Module: [Generic ESP8266 Module|Wemos D1 mini r2|Nodemcu|other]
Flash Mode: [qio|dio|other]
Flash Size: [4MB/1MB]
lwip Variant: [v1.4|v2 Lower Memory|Higher Bandwidth]
Reset Method: [ck|nodemcu]
Flash Frequency: [40Mhz]
CPU Frequency: [80Mhz|160MHz]
Upload Using: [OTA|SERIAL]
Upload Speed: [115200|other] (serial upload only)

Problem Description

CC @drzony @earlephilhower @TD-er

To better understand https://github.com/esp8266/Arduino/pull/7514, I had some (lengthy) discussions with @drzony. Per his explanation (please bear with me here, I'm not an expert here and my understanding may be flawed):

99% of flash brands allow writing multiple times to the same address, as long as bits always flip 1->0 and no bits flip 0->1
This is an unsupported feature exploit. Datasheets explicitly state that writing must be done only to an area that has been previously erased.
Erasing is done on an entire block (4KB in our case). Writes can be done in bulks of 1 to pageSize bytes (256 bytes in our case). Multiple writes can be done within a previously erase block, as long as subsequent writes are always done in offsets that haven't been previously written to.
SPIFFS seems to exploit point 1 above as a design choice. We extended this exploit to our core.
In the case of PUYA chips the exploit doesn't work, so we had to implement the infamous PUYA patch to allow SPIFFS to work.
For normal flash operations within our core, i.e. EEPROM, Updater, eboot, etc, the PUYA patch isn't necessary.

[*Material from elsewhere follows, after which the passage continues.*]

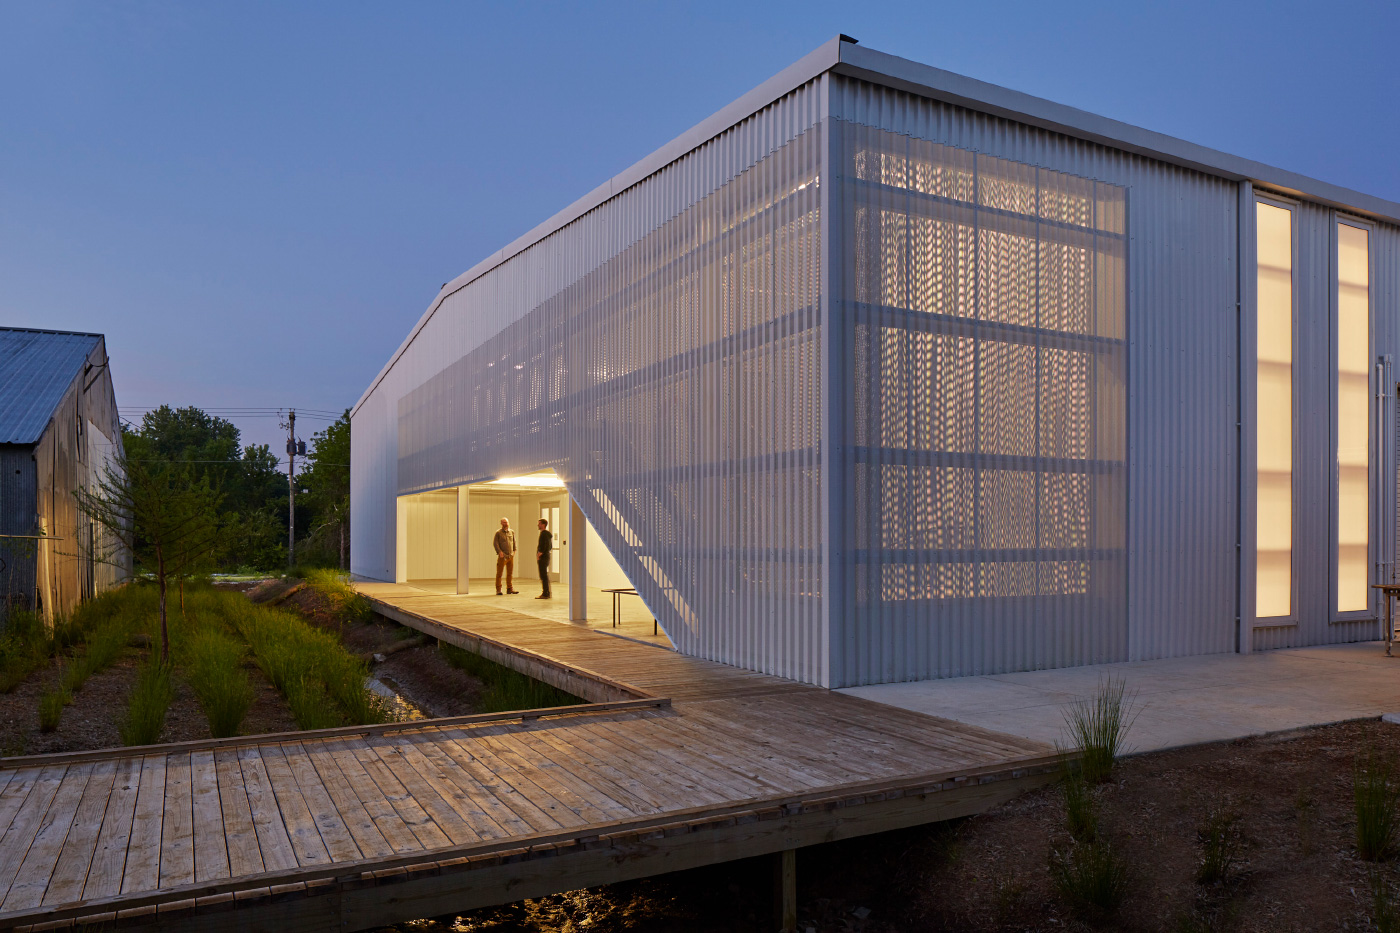 A warehouse clad in perforated aluminum, for the University of Arkansas

It's only SPIFFS that needs it.
For flash operations done elsewhere, i.e. 3rd party libs, the PUYA patch may be needed.

It seems that SPIFFS assumes NOR type flash, while other code like LittleFS assumes NAND type (@earlephilhower), and the PUYA chips don't like the SPIFFS assumption.

The proposal here is:

implement a formal raw flash read/write api. Our core would use this api for all of its internals, except SPIFFS. Behavior could be brand-specific, i.e.: quirks wouldn't be handled, whether in-spec (XMC) or exploit (99% of chip brands).
implement a formal quirk-handling flash read/write api on top of the previous. Special cases such as XMC and PUYA would be handled here. From the user's pov, all flash brands would behave the same, although there could be some cases with performance impacts (PUYA as it's being used now)
Up for discussion: SPIFFS apparently has its own handling for the PUYA case. It could be enabled and its behavior become isolated, or the underlying flash hal could be replaced with the quirk-handling api above for a generalized solution.

The above would mean that the current performance penalty for the PUYA case could be reduced or even eliminated for the non-SPIFFS operations.

TD-er commented 3 years ago

Isn't it simply a matter of reserving 1 byte, initialize it with "0x55" (or some other pattern) and try to set one of the 0's to 1. If the byte you read is anything other than the initial pattern, you know you're dealing with "Puya-like" chips. If you still see the initial pattern after 1 write attempt, then it is "normal" flash and just set one of the 1's to 0 to mark you completed the test.

This way you know what type of flash it is every time at boot without the need to check it using a write. I think it may be a bit tricky to assume some expected behavior from a library, so use the existing patch strategy by default, unless you know for sure the library can work with "Puya" like flash and then explicitly mark it so.

devyte commented 3 years ago

That's an auto detection approach, which I believe has been discussed elsewhere. It may or may not be viable, similar to the flash size detection approach mentioned somewhere, but the goal here is a different one. Let's not hijack the thread.

drzony commented 3 years ago

@devyte I don't think that SPIFFS has a workaround for PUYA, according to https://github.com/pellepl/spiffs/issues/172 it only fixed relying on 0->1 changes to be ignored by flash, but it still does 1->0 changes on the same offset.

drzony commented 3 years ago

As for the change in API, I don't think we need "no-quirk" API. It would mean that everyone who wants to use it would need to copy-paste the code of "with-quirks" API to his own code.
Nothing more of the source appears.